Copy link to clipboard
Copied
Hi Charlie,
On re-reading my replies I realize they might give the impression that I disagree with your point. Sorry.
With "changing of var names" and "websites built with ColdFusion Standard would only handle one visitor at a time" I meant something else. Namely, the independence of the server's responses to separate CFM requests. Best-practice in encapsulation and client-server architecture require that the client know nothing about how the server handles in-coming requests. Further explanation follows in a moment.
But first, I agree with your point about ColdFusion's Enterprise Feature Router (EFR). In fact, given its importance. I shall repeat it here. Lest there be any confusion.
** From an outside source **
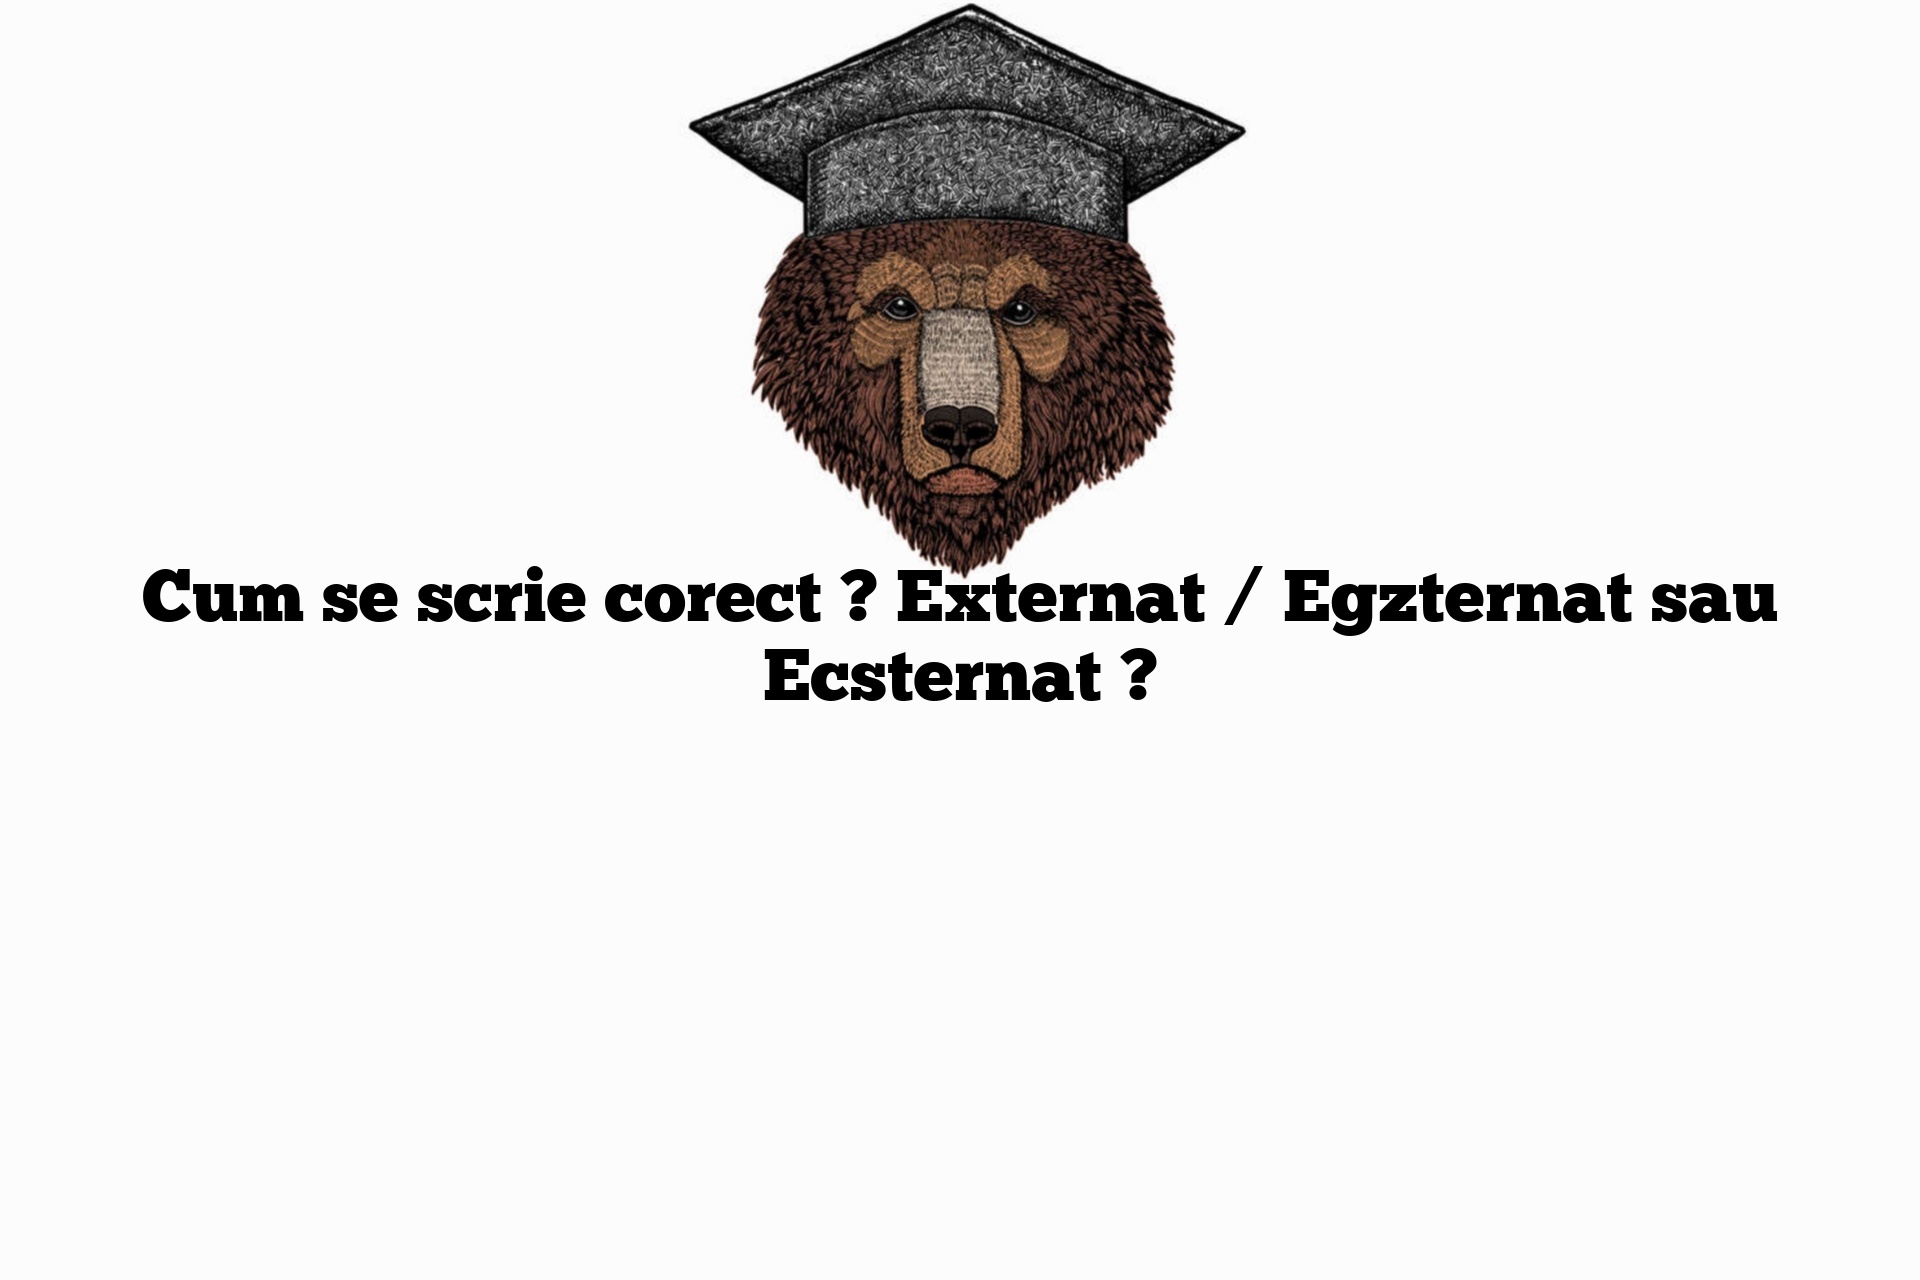 Cum se scrie corect ? Externat / Egzternat sau Ecsternat ?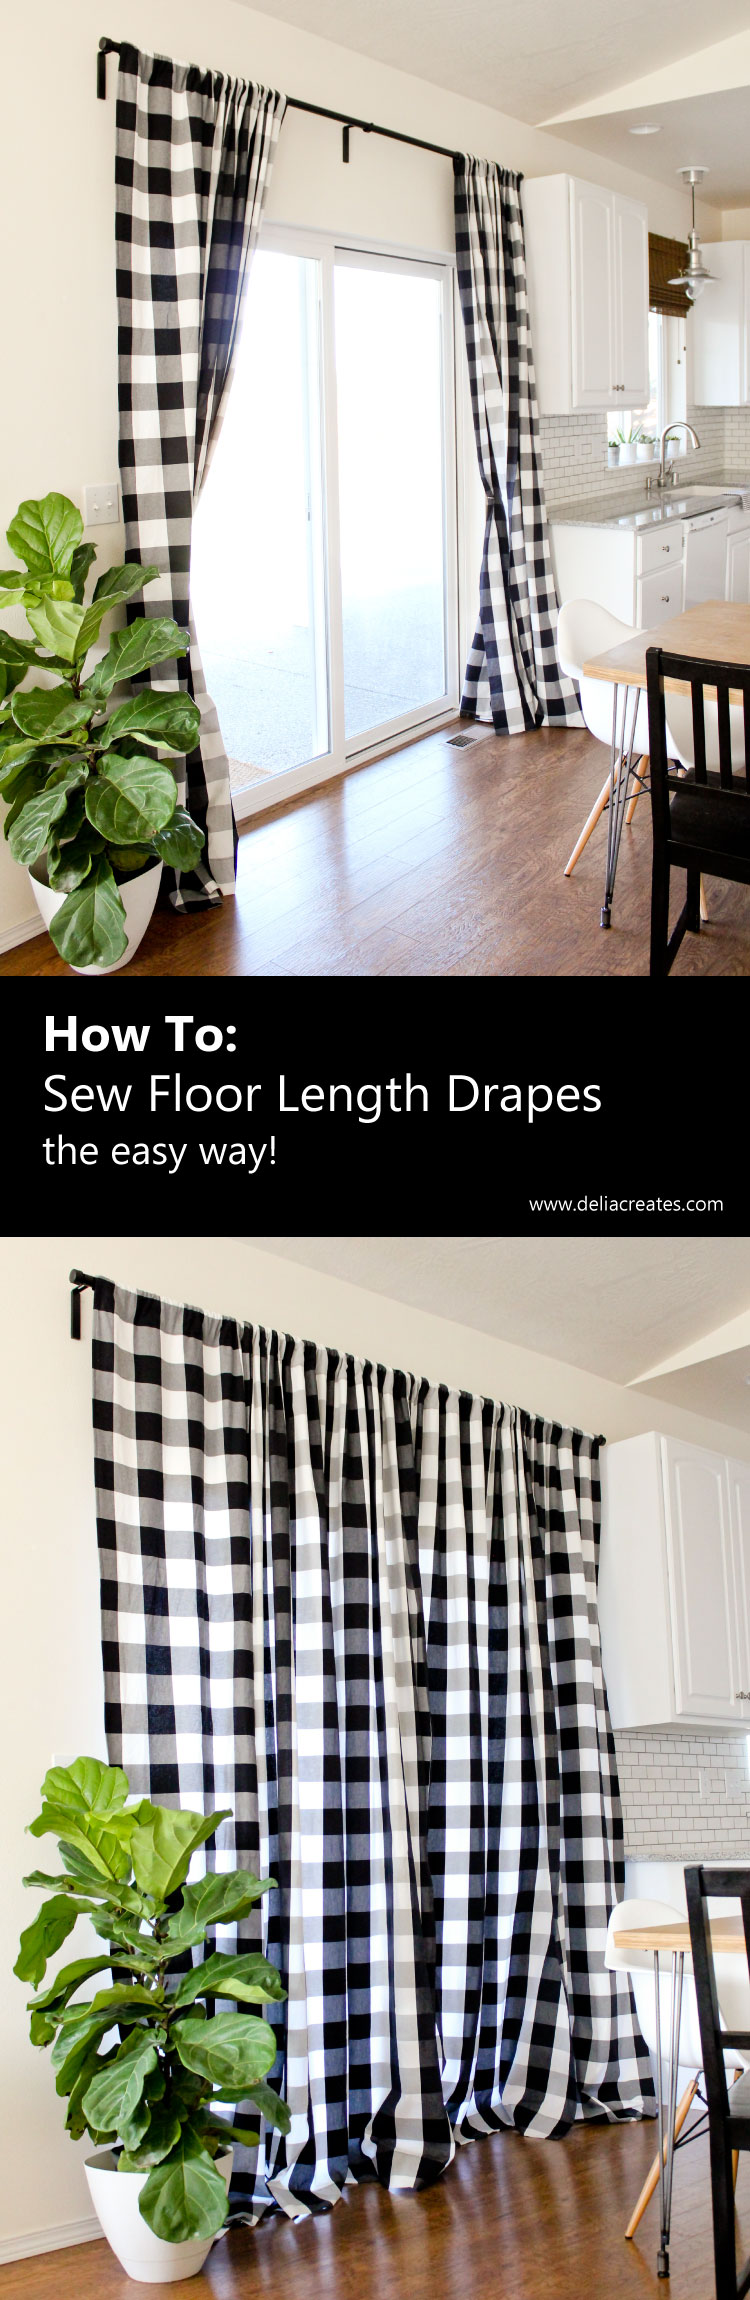 How To Sew Floor Length Drapes - the easy way! // www.deliacreates.com

The EFR restricts ColdFusion Standard Edition to one, single thread when processing a function or tag in any of the following categories:
Asynchronous CFML Gateway
Data Management Service
Data Services Messaging
Directory Watcher Gateway
Enterprise IM Gateways (Sametime and XMPP)
Gateway Architecture
Interface For Publish/Subscribe Using Web Socket
JMS Gateway
Microsoft Office 2010 Excel Support
Online Presentation Generation
PDF Document Manipulation
PDF File Generation From Html
PDF Form Processing
Server-Side Printing
SMS Gateway
Structured Reporting
TCP/IP Socket Gateway
There is no such restriction in ColdFusion Enterprise Edition. There these functions and tags each enjoy multi-threaded access and processing.
Now, to the point I wish to make. The suggestion to use distinct names for variables is to avoid them being overwritten. In spite of the EFR restriction in ColdFusion Standard, multiple CFM requests may access an EFR-restricted function or tag, such as <cfspreadsheet>, simultaneously. ColdFusion Standard does not queue or block the requests. It queues or blocks just that part of the request that invokes the function or tag.
The remaining business of the CFM request is not queued or blocked. The moment ColdFusion finishes processing the EFR-restricted function or tag it hands processing back to the respective request threads. Typically, the remaining business may consume the most execution time in the request-thread. But that wont be because of the EFR restriction.
To conclude, in spite of the EFR restriction, ColdFusion Standard has been optimized to give the semblance of multi-threading.